On appeal, the defendant appellant Laro raised the issue of a lack of a duty of care for the first time, which the Appellate Division, nevertheless considered because it presented a question of law. Dugan, supra at 656. As noted above, the Court rejected defendant appellant's argument, because defendant failed to present sufficient evidence establishing that they had not created the condition. Id.
In Van Dina v. St. Francis Hospital, Roslyn, NY , 45 AD3d 673 , 674, 845 NYS2d 430 (2d Dep't 2007), plaintiff was ". . . allegedly. . . injured when he slipped and fell on a wet substance that covered the floor of the bathroom adjacent to his hospital bed in the defendant's emergency room."
In Van Dina, supra, defendant respondent argues in their appellate brief that the trial court was correct in granting summary judgment and dismissal to defendant. Defendant emphasized that plaintiff did not see anyone mopping the bathroom floor, was unaware of any conversations concerning work being done in the bathroom, and simply claimed he slipped because the floor was wet. ( 2007 WL 4703310, NYAD 2d Dep't. Appellant-Respondent Brief). Moreover, defendant argued "it is important to note that plaintiff did not know what caused what he described as a "sheen" on the bathroom floor. Id.
Nevertheless, the court found that "[t]he defendant failed to satisfy its initial burden of submitting evidence sufficient to refute injured plaintiff's deposition testimony, which gave rise to a reasonable inference that the defendant had created a dangerous condition on the bathroom floor by mopping ( see Dugan v. Crown Broadway, LLC , 33 AD3d 656 (2006); Avellino v. TrizecHahn Newport , 5 AD3d 519 , 520 (2004); Stone v. KFC of Middletown , 5 AD3d 106 (2004); Weingrad v. Aguilar Gardens, 227 AD2d 546 (1996))." Van Dina, supra at 674.
In this instance, the testimony established that one of Laro's employees, a Hispanic woman, whom defendant Laro later identified as Sonia Rivera, was using a floor scrubber in the general area or "dimension" of where he fell. The testimony established, through defendant Laro's witness, Robert Pandone, that the floor scrubbing was to be conducted between the hours of 6:00 a.m. to 10:00 a.m. Plaintiff entered the store at approximately 9:30 a.m., and the accident occurred at approximately 10:00 a.m.
Moreover, testimony established that the operation of the floor scrubber was to place water on the floor, and then vacuum it up. Plaintiff testified that when he fell there was water on the floor that wound up on his leg, his hand and his pants.

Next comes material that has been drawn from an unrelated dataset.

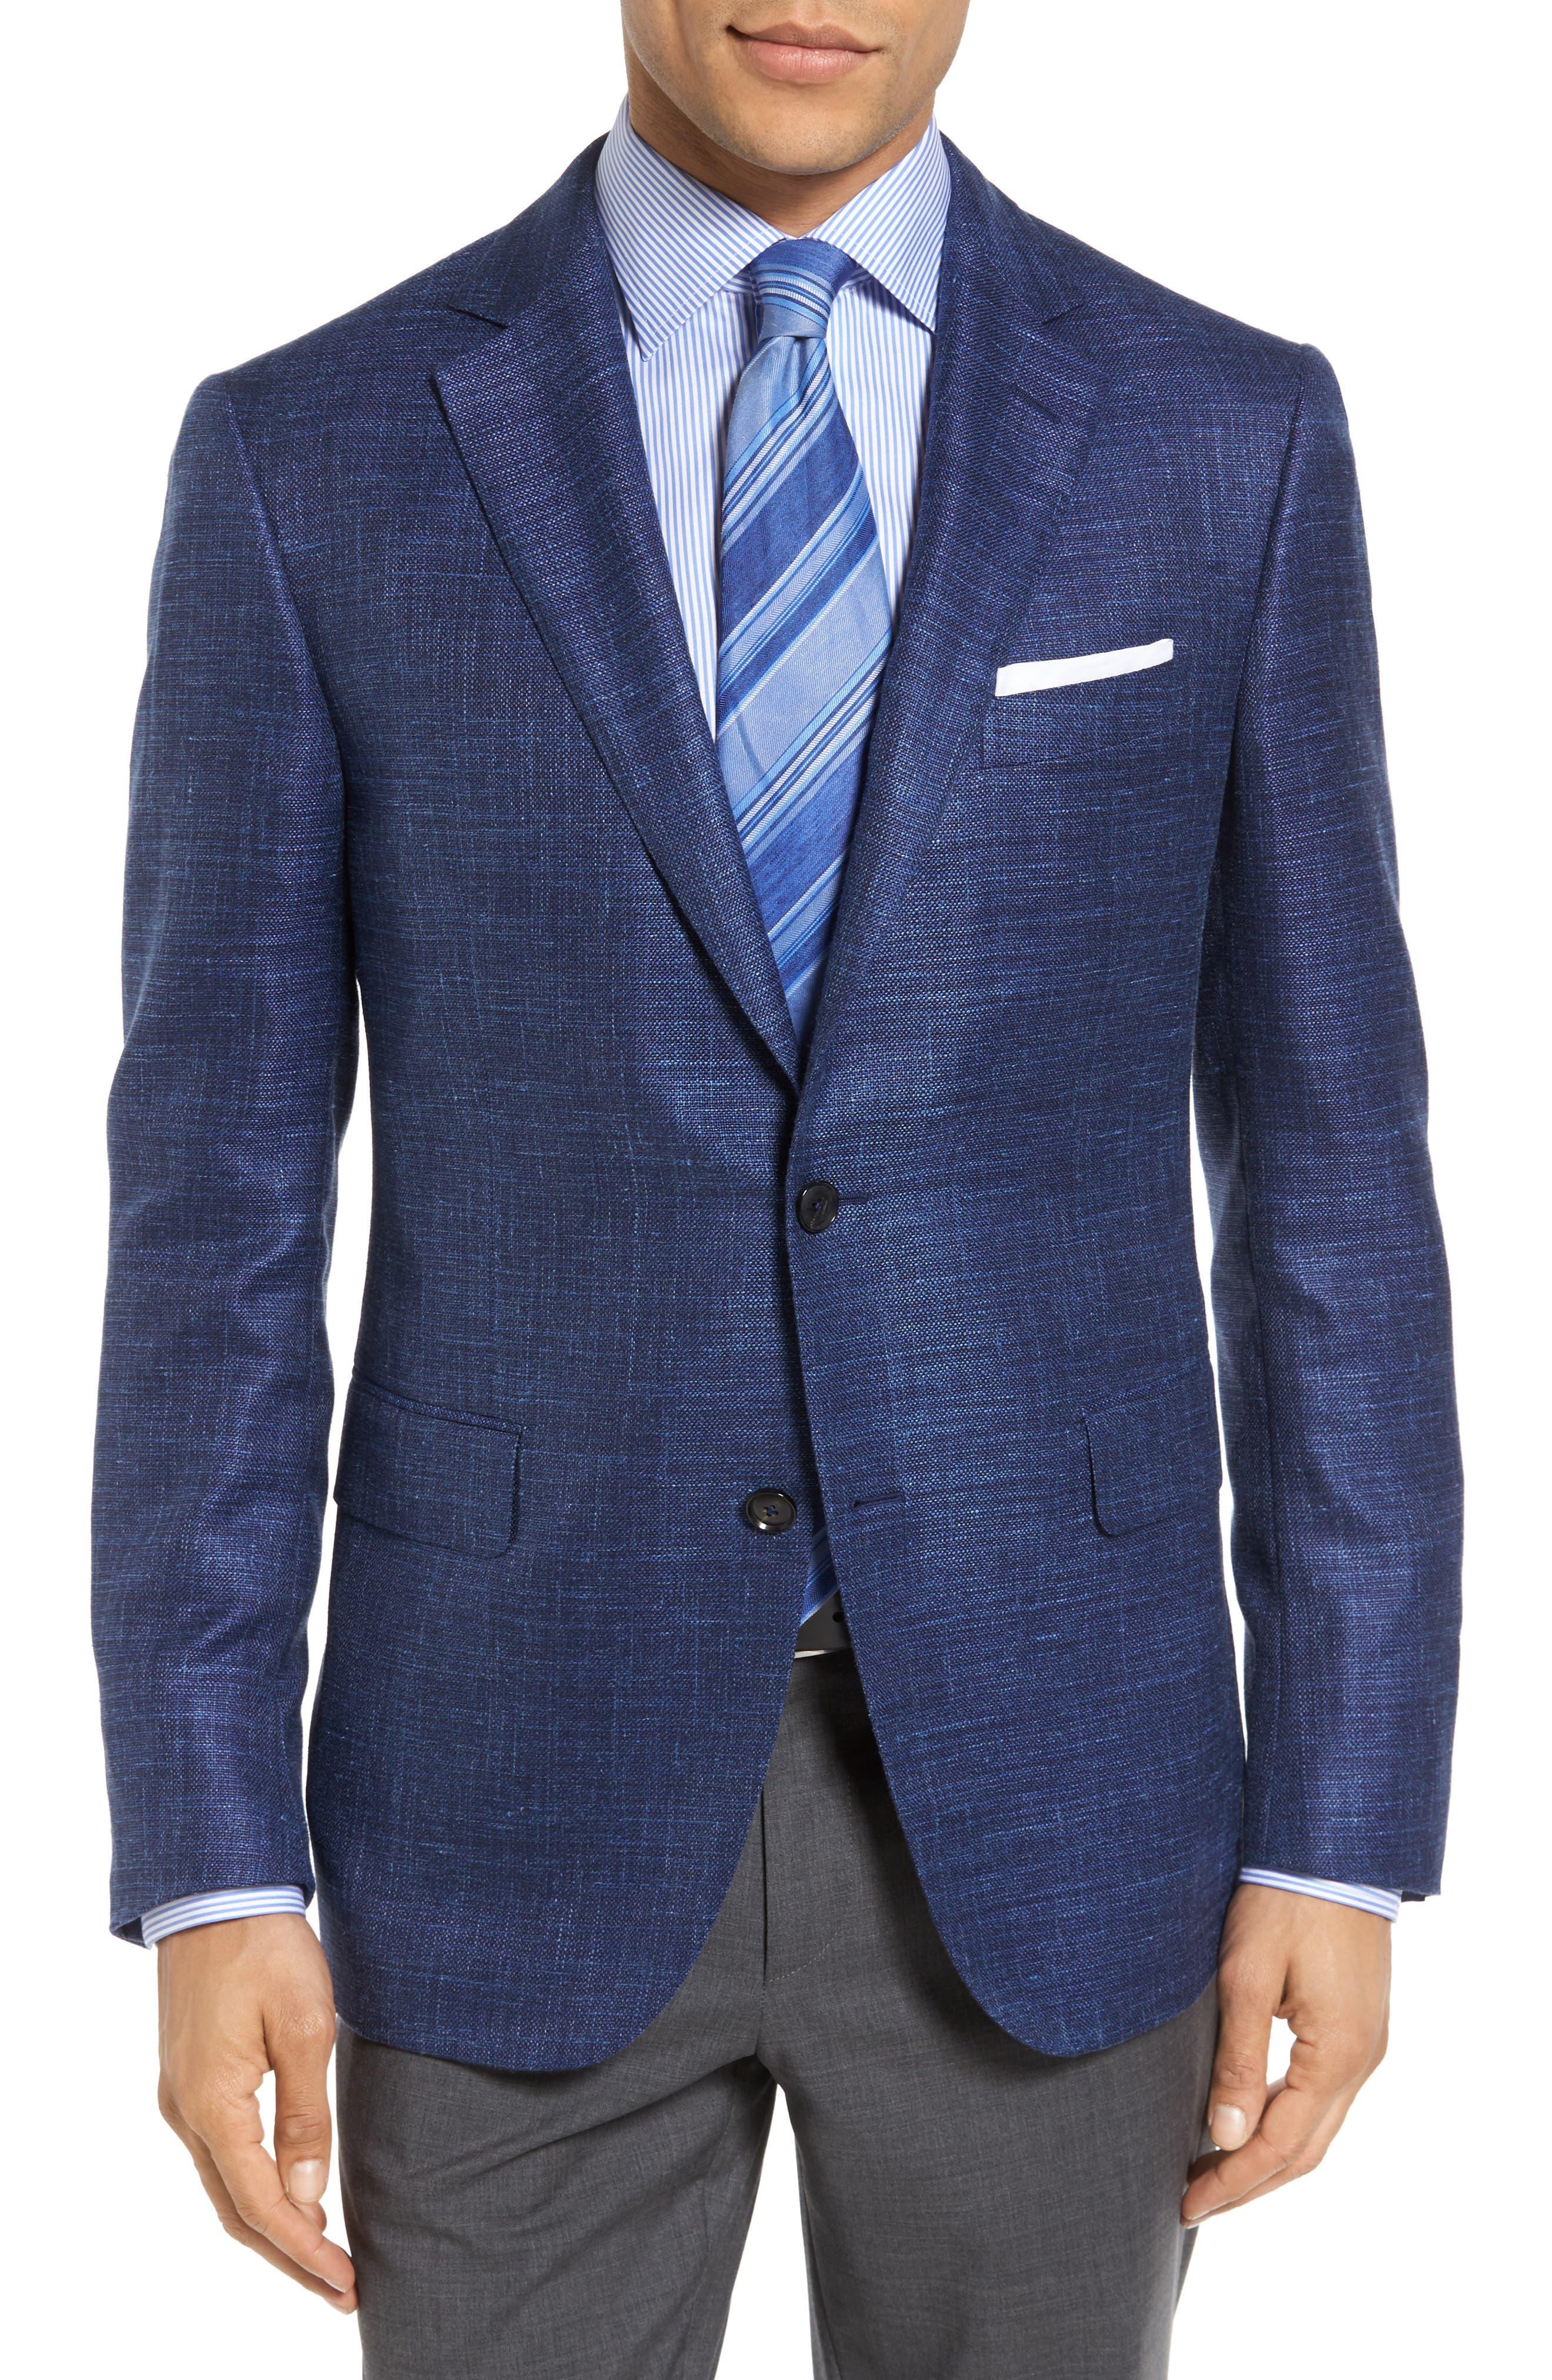 Alternate Image 1 Selected - Pal Zileri Plaid Wool Blend Blazer

Defendant Home Depot argues that plaintiff fails to establish that they had notice, actual or constructive of the alleged wet condition on the floor and therefore must be granted summary judgment. Defendant's reliance on this theory and the cases in support thereof, however, is misplaced (i.e. Young v. XYZ Corp., 245 AD2d 503, 504, 666 NYS2d 708 (2d Dep't 1997); Fontana v. Fortunoff, 246 AD2d 626, 668 NYS2d 394 (2d Dep't 1998).
Where, as here, the claim by plaintiff is that defendant Home Depot and/or co-defendant Laro, defendant Home Depot's agents, created the dangerous condition, that is the water on the floor, notice, actual or constructive is not an issue. (See Pattern Jury Instruction, Civil, 2008, 2:91 Comment p. 571, para. 2, "Notice is not an element of the cause of action if defendant created the condition.")
The same is true, as noted previously, where defendant Laro maintains it owes no duty of care to injured third parties. ( See, Dugan v. Crown Broadway, LLC, supra).
Accordingly, upon all of the foregoing, the motion and cross-motion are denied.